Complex software makes economic sense

May 22, 2022 No comments

Economic incentives motivate complexity as the common case for software systems.

When building or maintaining existing software, often the quickest/cheapest approach is to focus on the features/functionality being added, ignoring the existing code as much as possible. Yes, the new code may have some impact on the behavior of the existing code, and as new features/functionality are added it becomes harder and harder to predict the impact of the new code on the behavior of the existing code; in particular, is the existing behavior unchanged.

Software is said to have an attribute known as complexity; what is complexity? Many definitions have been proposed, and it’s not unusual for people to use multiple definitions in a discussion. The widely used measures of software complexity all involve counting various attributes of the source code contained within individual functions/methods (e.g., McCabe cyclomatic complexity, and Halstead); they are all highly correlated with lines of code.
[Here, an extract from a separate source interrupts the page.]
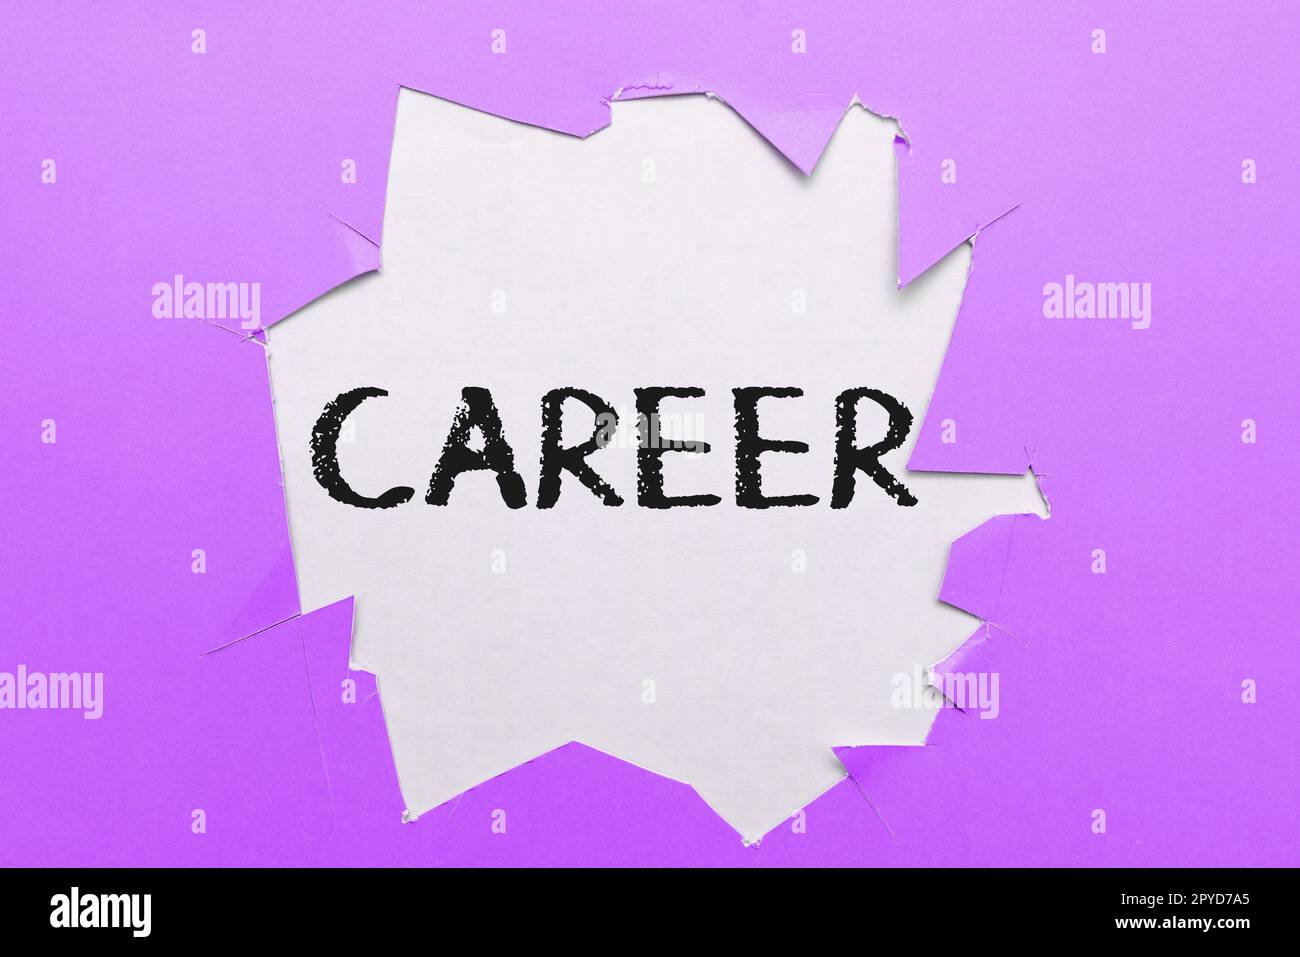 Sign displaying Career. Business overview undertaken for period persons life with opportunities for progress. Stock Photo

For the purpose of this post, the technical details of a definition are glossed over.

Complexity is often given as the reason that software is difficult to understand; difficult in the sense that lots of effort is required to figure out what is going on. Other causes of complexity, such as the domain problem being solved, or the design of the system, usually go unmentioned.

The fact that complexity, as a cause of requiring more effort to understand, has economic benefits is rarely mentioned, e.g., the effort needed to actively use a codebase is a barrier to entry which allows those already familiar with the code to charge higher prices or increases the demand for training courses.
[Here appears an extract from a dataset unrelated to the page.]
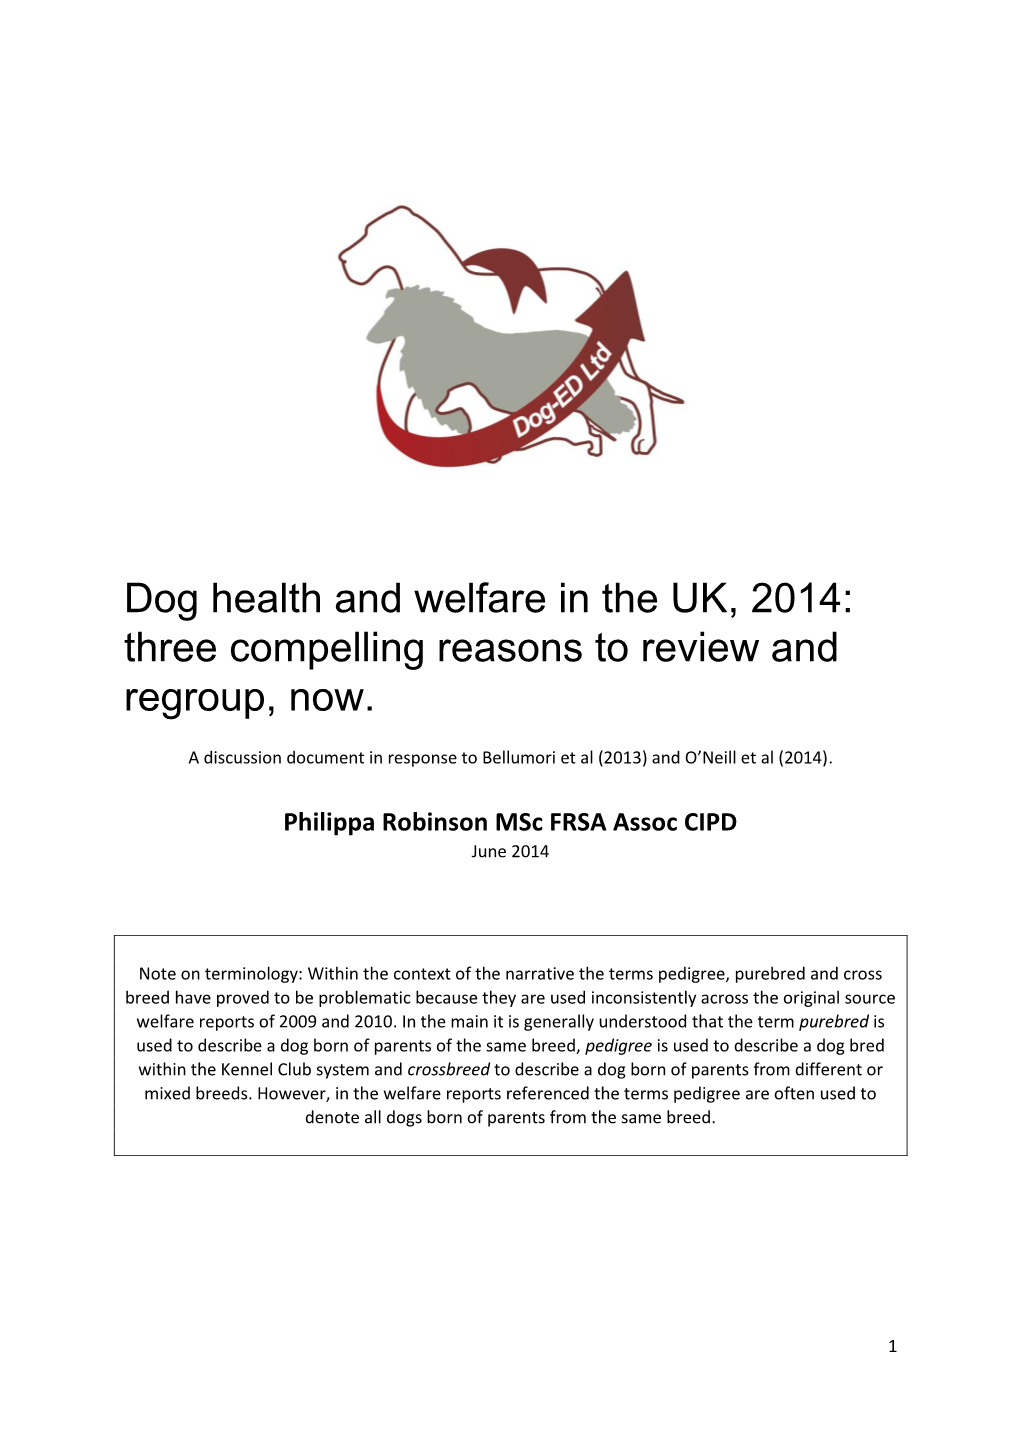 Dog Health and Welfare in the UK, 2014: Three Compelling Reasons to Review and Regroup, Now

One technique for reducing the complexity of a system is to redesign/rework its implementation, from a system/major component perspective; known as refactoring in the software world.

What benefit is expected to be obtained by investing in refactoring? The expected benefit of investing in redesign/rework is that a reduction in the complexity of a system will reduce the subsequent costs incurred, when adding new features/functionality.

What conditions need to be met to make it worthwhile making an investment, I, to reduce the complexity, C, of a software system?

Let’s assume that complexity increases the cost of adding a feature by some multiple (greater than one). The total cost of adding n features is:

K=C_1*F_1+C_2*F_2 ...+C_n*F_n

where: C_i is the system complexity when feature i is added, and F_i is the cost of adding this feature if no complexity is present.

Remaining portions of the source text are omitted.